13 God will judge those outside. “Expel the wicked person from among you.”

So, this might be a surprise to many of you, but there is actually a lot of support for the idea of shunning someone who claims to be a Christian, yet who openly commits to a lifestyle that opposes the Bible’s moral standards. 1 Cor 5 actuallysays that it is ok to get along with non-Christian sinners, and not OK to get along with people who claim to be Christians but who are in some serious sinful situation that they are not sorry about at all. I think it’s a great idea to be friends with people who are non-Christian, and to treat them nicely, so long as they know that we disagree with them on certain issues and they are OK with letting us do that. Everyone sins – but Christians shouldn’t sin unrepentantly and repeatedly and then try to justify it as consistent with Christianity. But non-Christians are exempt from Christian moral rules, obviously.

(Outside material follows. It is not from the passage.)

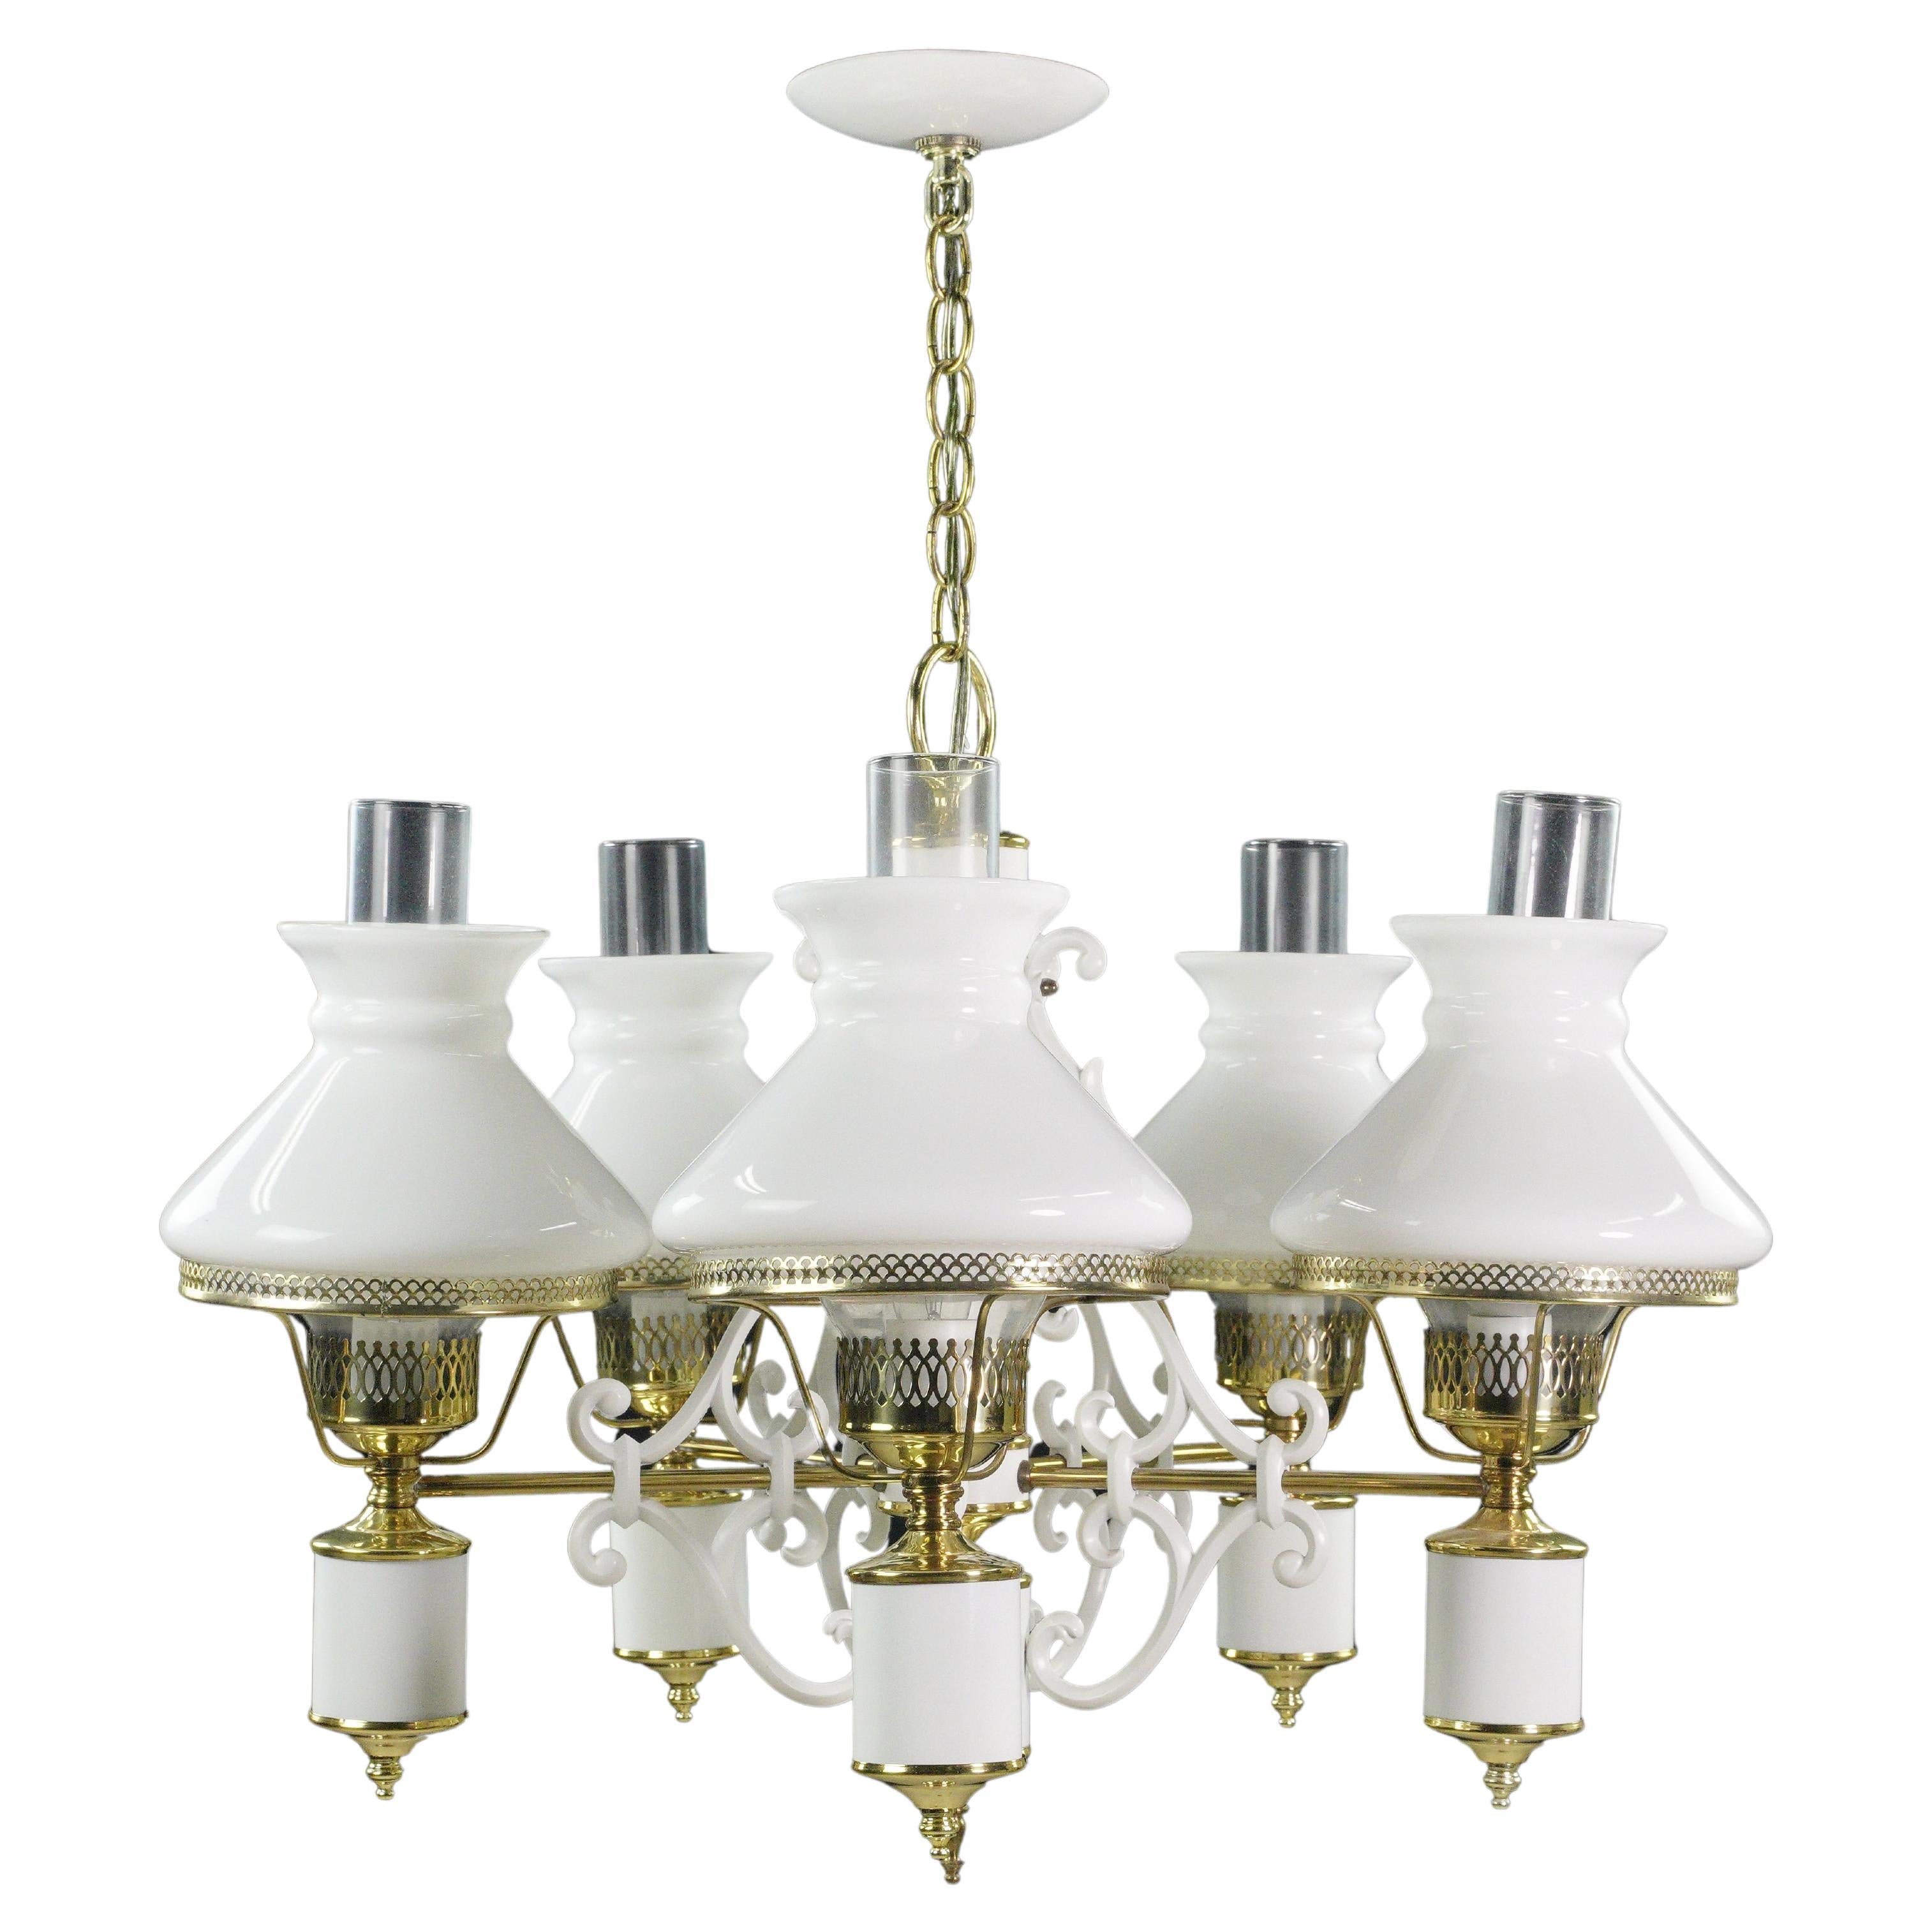 5 Arm White Glass Shades Steel Aluminum Chandelier For Sale

What annoys me is when nice “Christians” try to make me feel guilty for taking the Bible seriously on sexual morality. Just because you want to think of yourself as “nice” according to the standards of the age, and you want non-Christians to like you and ask you out with them to movies, it doesn’t mean that suddenly it has become OK to redefine the Bible to mean what you want it to mean. Those rules are there for a reason, and your job is to adapt your views and defend them. You aren’t in charge.

The problem is that Christianity has been redefined so that people in the Church now think that their job is to sing happy songs, feel good, and then go out into the world telling everyone that the Bible has nothing at all to say about right and wrong. Instead of telling people “you are free to do what you like, but doing X is not wise or moral”, now we say “whatever you want to do is fine with me, as long as you feel good”. We want to be liked by men more than we want to be liked by God.